-- Task input follows --
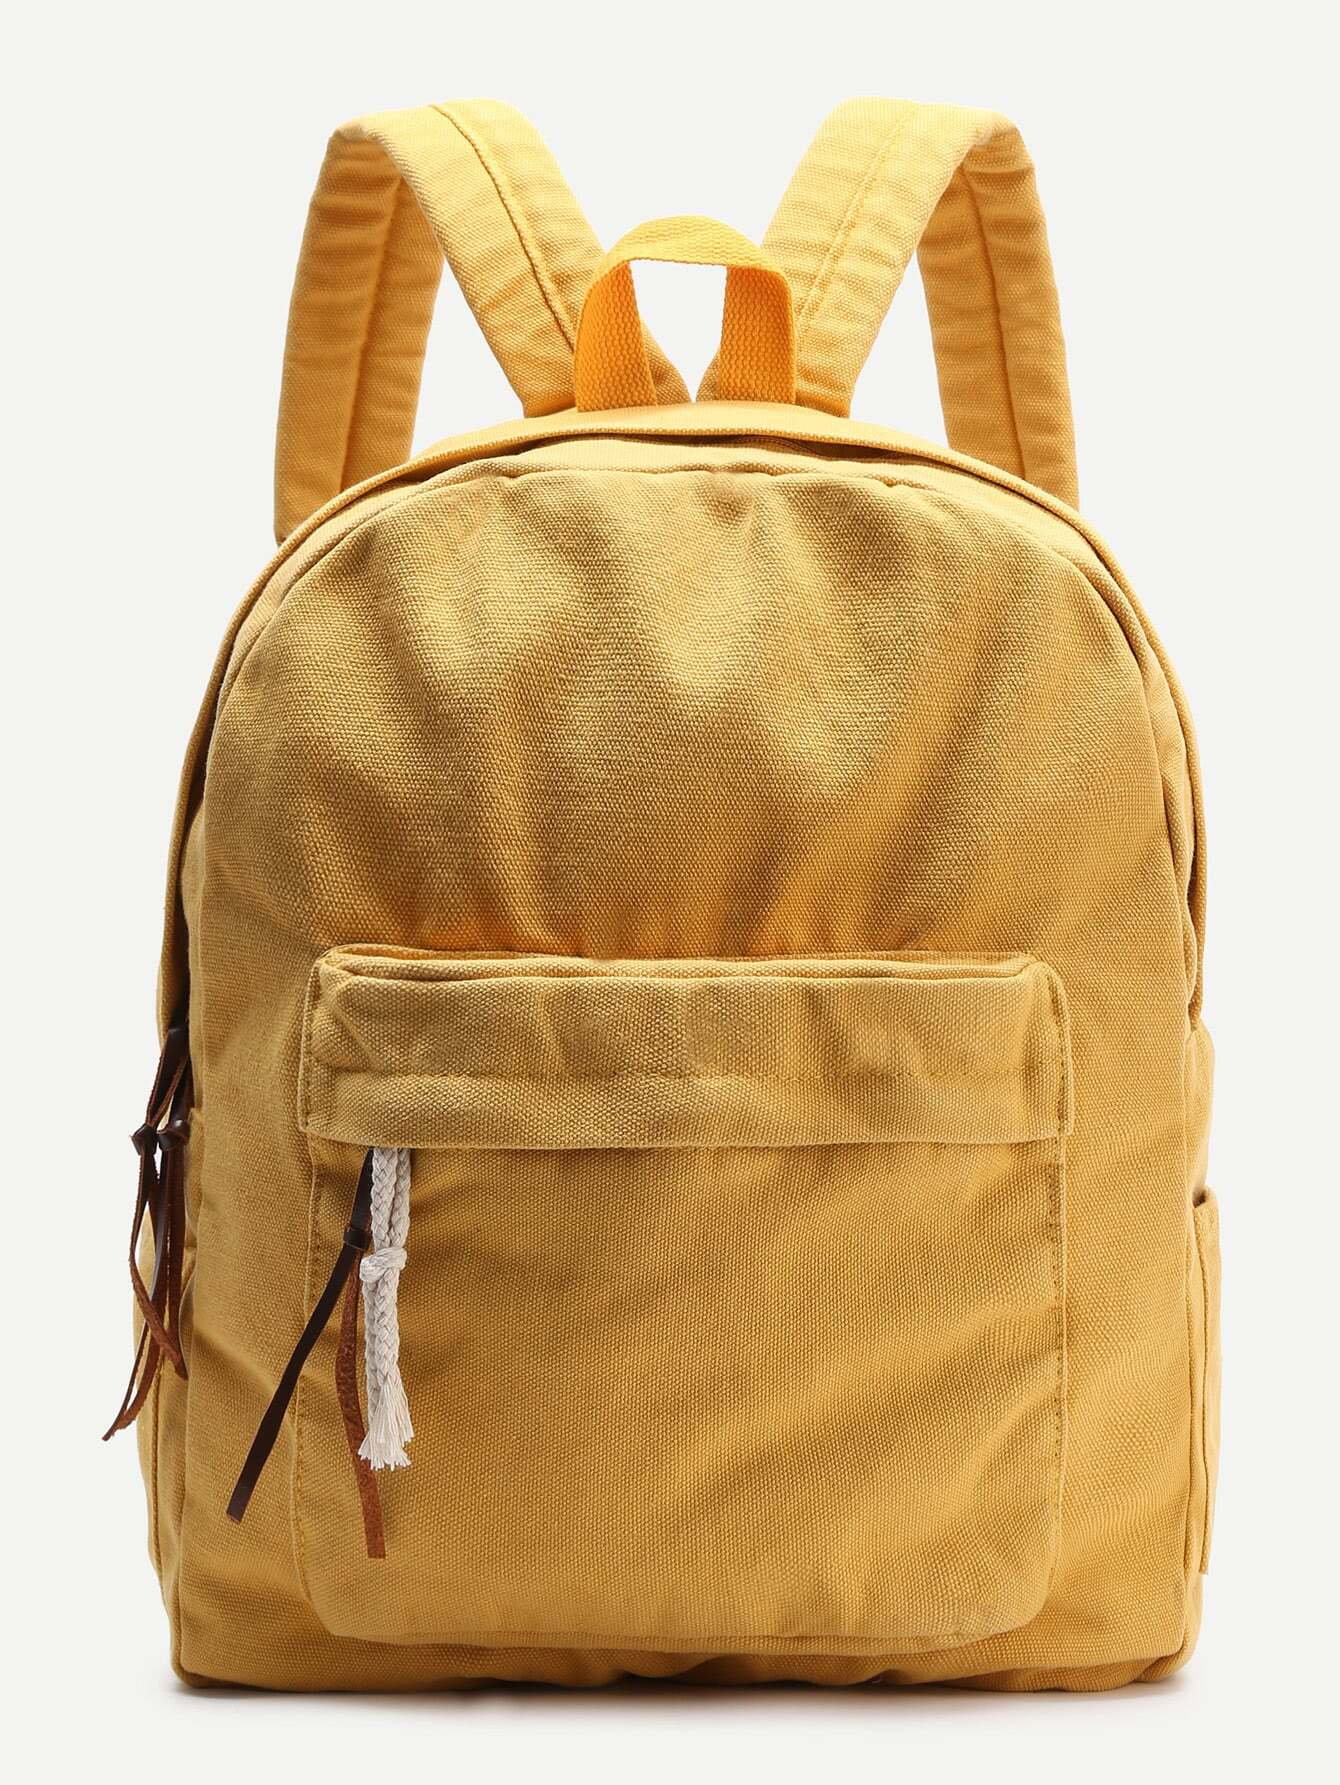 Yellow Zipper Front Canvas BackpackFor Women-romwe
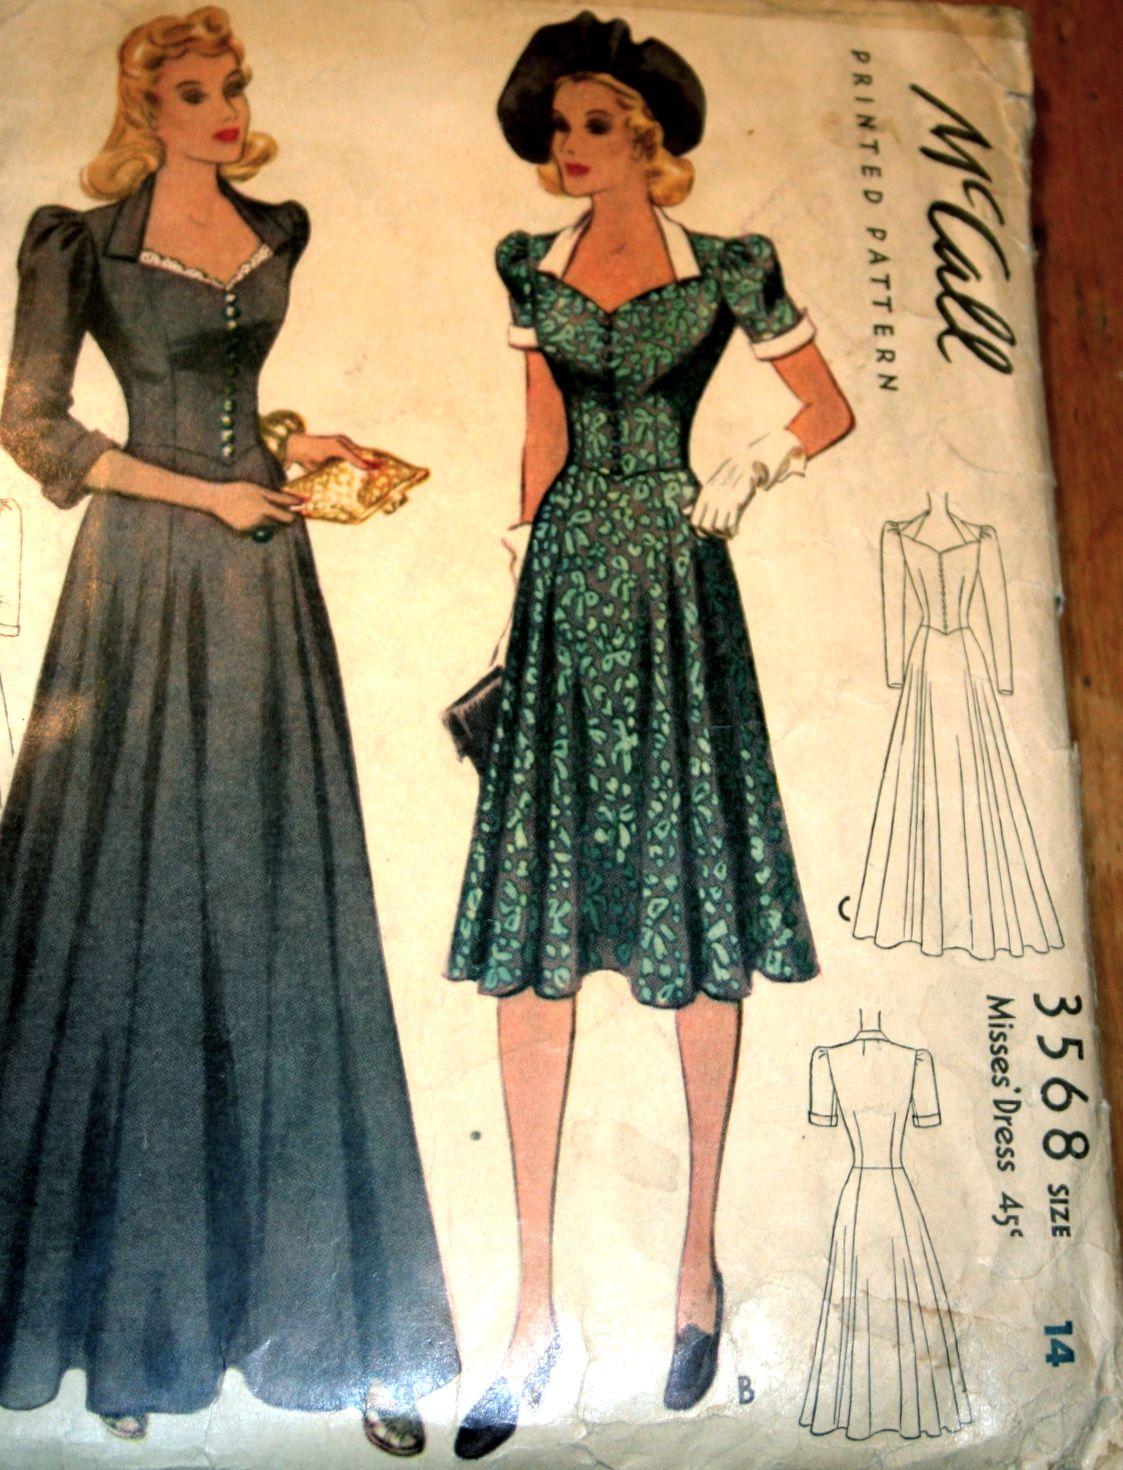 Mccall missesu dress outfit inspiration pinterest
-- Task input concluded --
-- Task input follows --
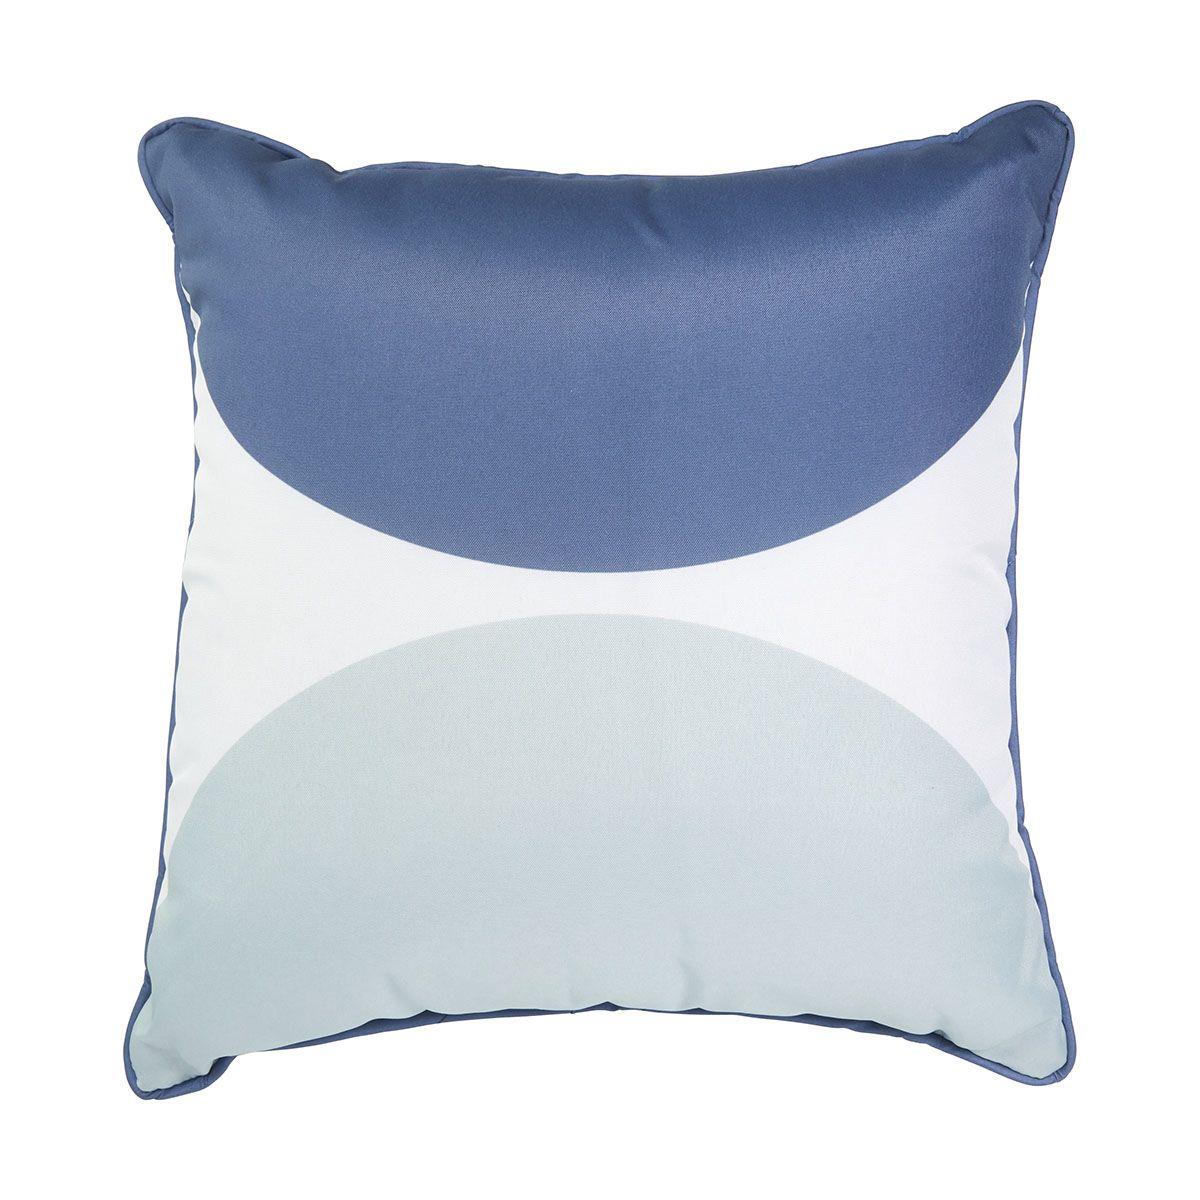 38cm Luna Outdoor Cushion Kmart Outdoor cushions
-- Task input concluded --
-- Task input follows --
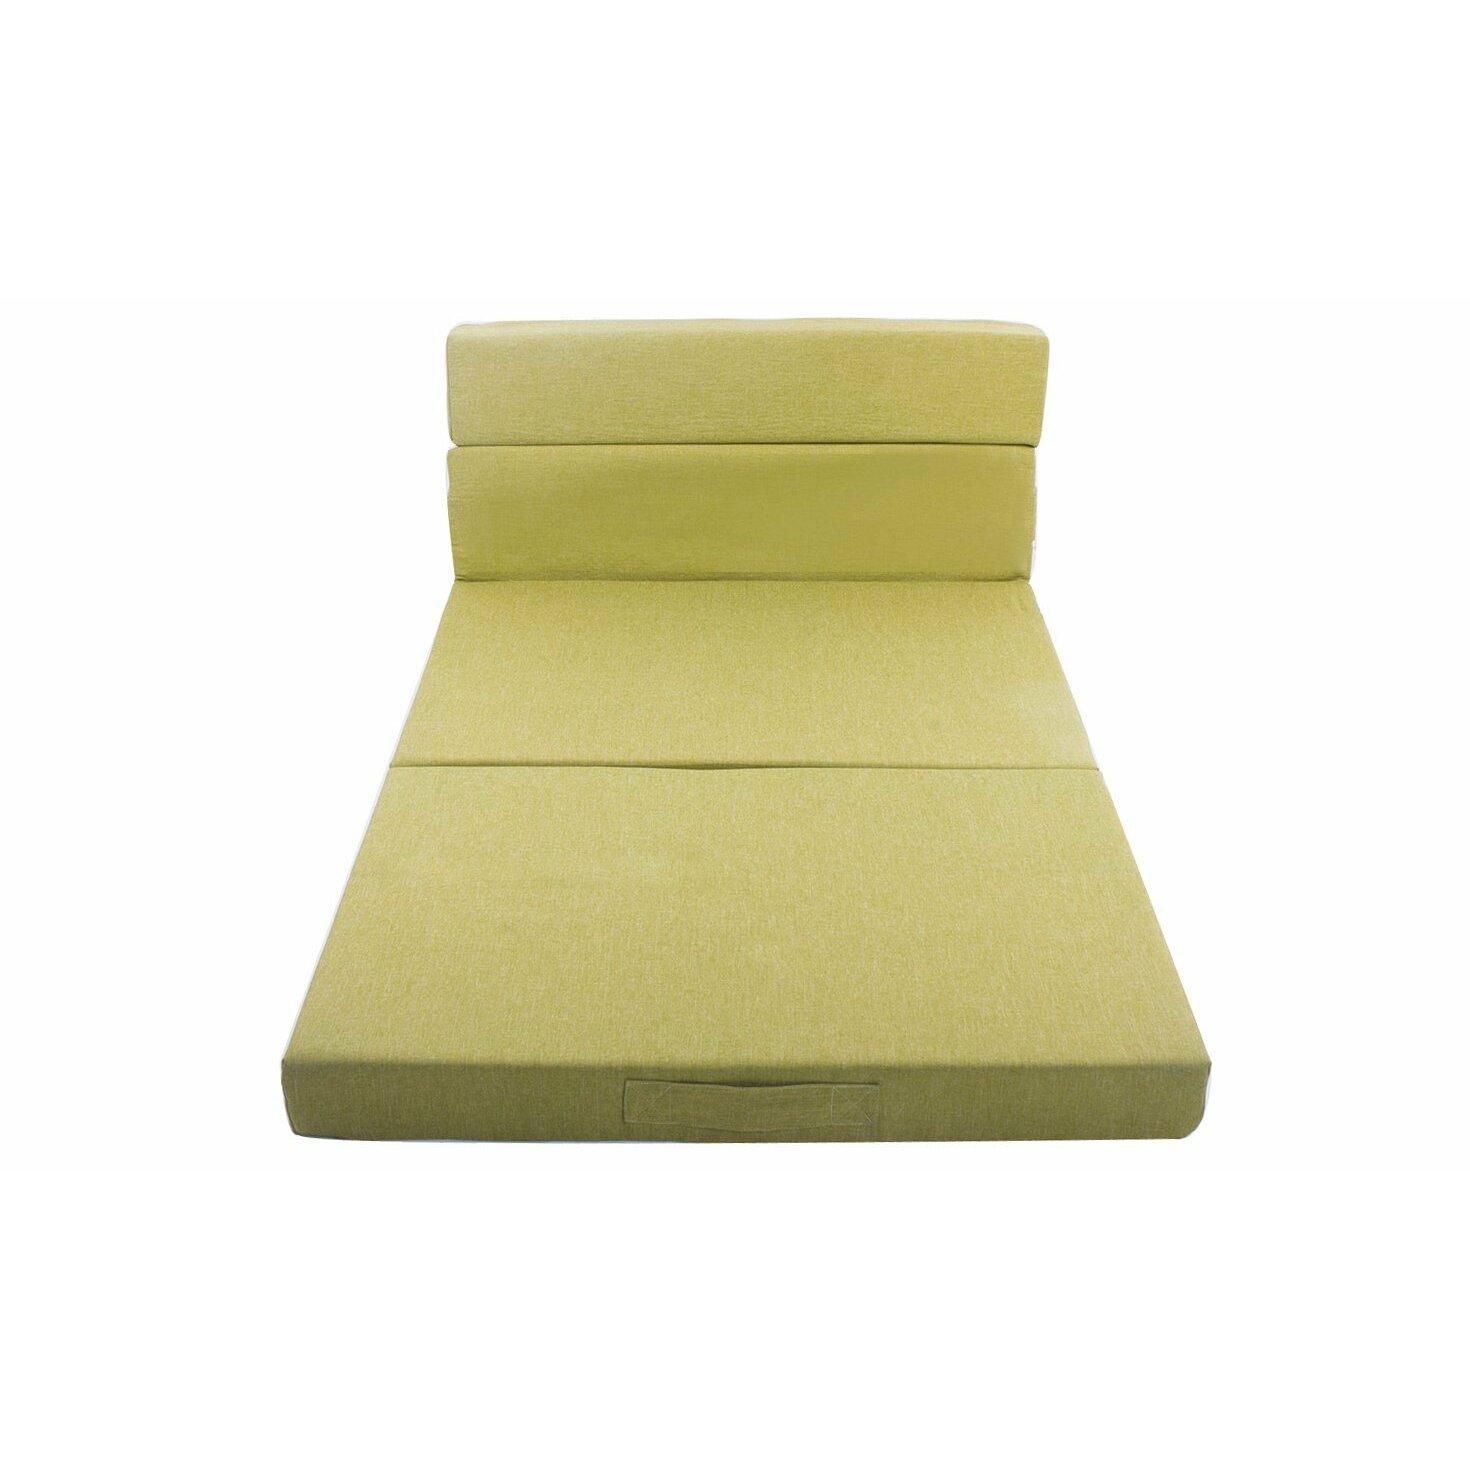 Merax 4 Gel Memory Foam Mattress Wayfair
-- Task input concluded --
● **What the task requires**
Of the records above, print only the lines from the one containing "Yellow Zipper Front" through the one containing "Mccall missesu dress", inclusive and unaltered, leaving out pictures.

● **Result of the exercise**
 Yellow Zipper Front Canvas BackpackFor Women-romwe
 Mccall missesu dress outfit inspiration pinterest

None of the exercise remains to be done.